2. A Deposit Certificate (CD)
A savings account vs. a certificate of deposit: a CD locks your money for a set period, with a penalty for early withdrawal. CDs can be disadvantageous when rates are low, but they protect savers from falling rates by locking in a fixed rate.
Though longer-term CDs offer higher interest rates, you cannot access the funds without paying a penalty in most cases.
CD laddering increases earnings by opening multiple CDs with different maturity dates. This method offers flexibility and lower risk compared to a single large CD. By having short- and long-term CDs, you can benefit from higher interest rates without excessive risk. It also allows you to take advantage of future higher rates.
3. Investment Account
Consider a money market account if you desire a secure location to store additional funds that provides a greater return than a conventional checking or savings account. Money market accounts resemble savings accounts, but they generally offer higher interest rates and may impose a monthly restriction on the number of checks and debit card transactions.
Money market accounts are secure with federal insurance. The FDIC and NCUSIF insure most banks and credit unions, providing protection for up to $250,000 in deposits.
Consider a money market account as an alternative to a CD if you prefer short-term investment. A minimum deposit is necessary for the best annual percentage yield (APY), and ask about any potential fees like monthly account fees and penalties.
How to Invest Large Sums of Money
There are smart ways to manage a large sum of cash, regardless of its source. These strategies are effective regardless of market conditions. Here’s what to do before and after receiving the money.
1. Select an Advisor
If you lack investing experience, consult a fee-only advisor with a CFP designation before making financial decisions. Stockbrokers and insurance companies may prioritize their own interests when selling investments.
2. Prior to Receiving Your Lump Sum
Depending on how much money you are due to receive, and assuming you have some time before receiving your cash or check, you should start looking for a place to keep it. It is critical not to rush the decision. To invest your money, carefully research savings vehicles or security types.
Your cash windfall may have multiple applications. For example, you could use some to pay off debt, some to give away, some to take a well-deserved vacation, and the rest to invest for retirement. Any money you don’t use within a few weeks can start earning interest.
3. Consider Short-Term Liquid Alternatives
For short-term cash needs, you will most likely invest in a money market fund. Money market funds are liquid, interest-earning savings vehicles that allow you to deposit and withdraw funds at any time (or at least a limited number of times per month) without penalty or fees.

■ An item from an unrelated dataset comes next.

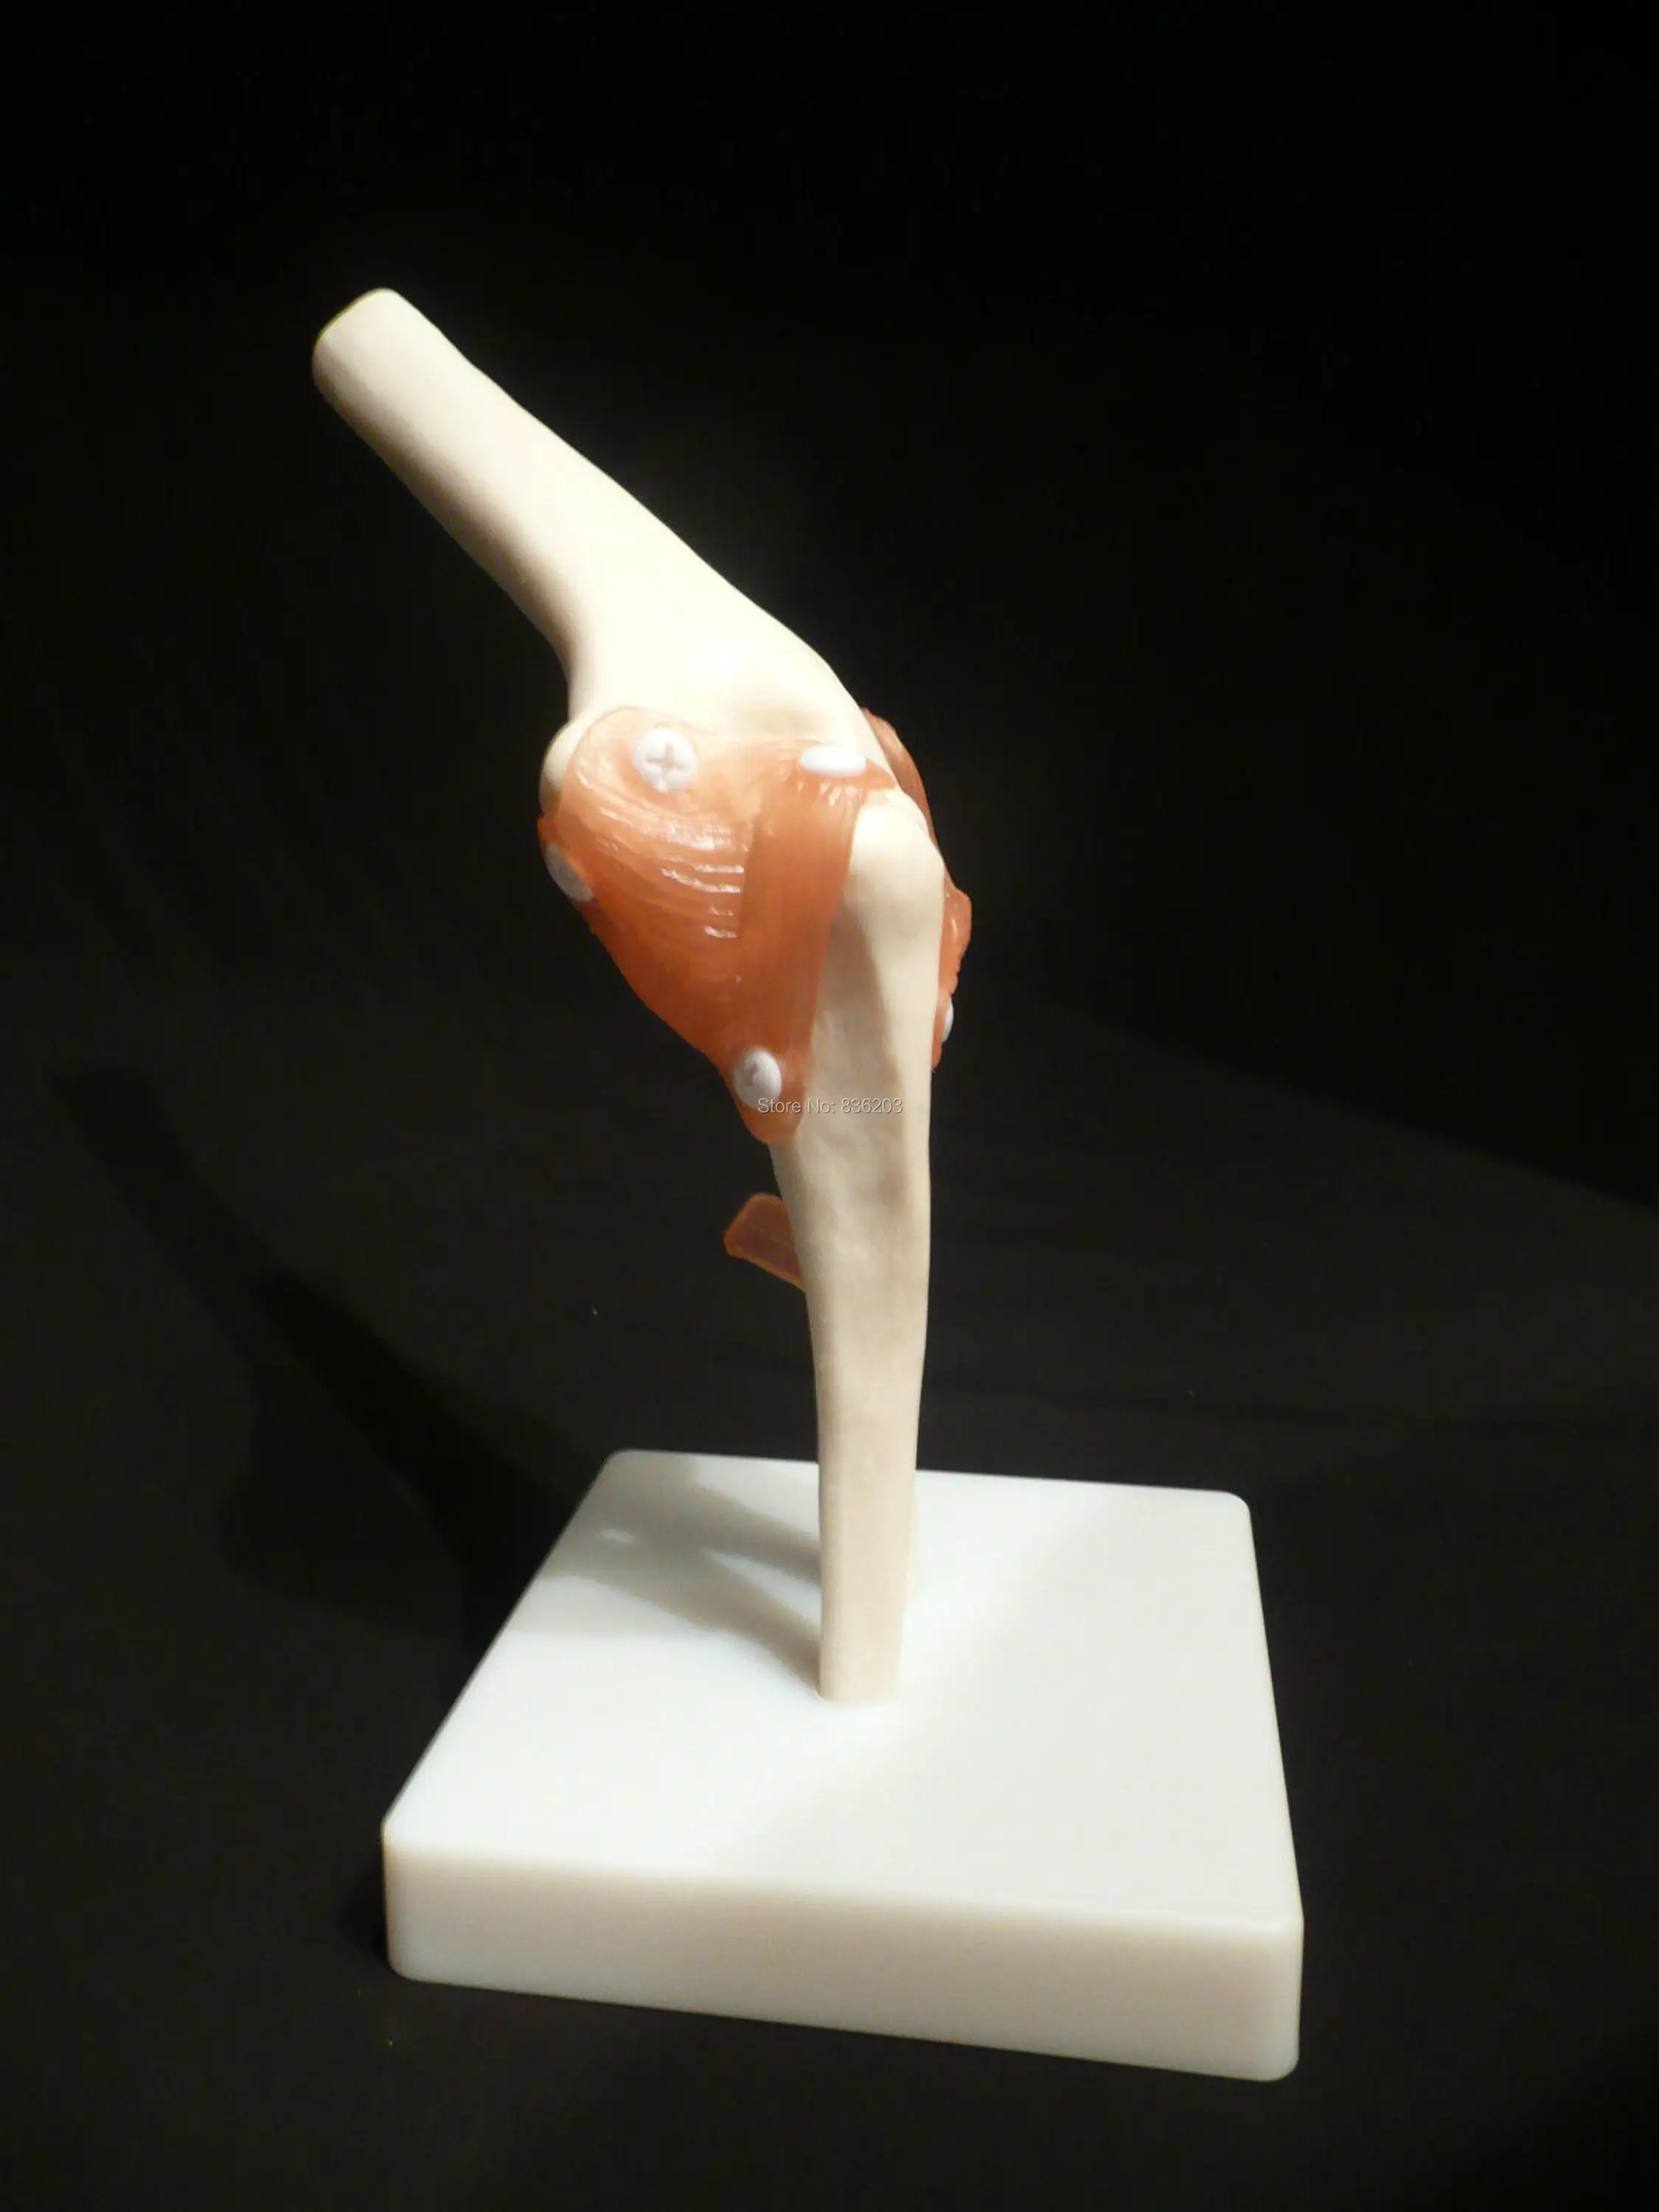 Анатомическая модель в области травм, анатомический скелет, стоматологический анатомический теневой медицинский тренировочный манекен

Money market funds can be bought from mutual fund companies, brokerage firms, and banks. Vanguard Federal Money Market Fund (VMMXX) and Fidelity Government Cash Reserves (FDRXX) are reputable institutions with high yields.
4. Determine Your Gals.
Before investing outside of the money market fund, you need a plan for your money. Keeping it in a savings vehicle for too long means missing out on potential returns. To start, figure out what you want to earn and why. This is your “investment objective” as defined by a financial planner.
Making wise financial decisions in your twenties has long-term benefits that can help you achieve financial success in the future. If you follow the six tips listed above, you can improve your credit score, become debt-free, and save money for retirement and other major life events.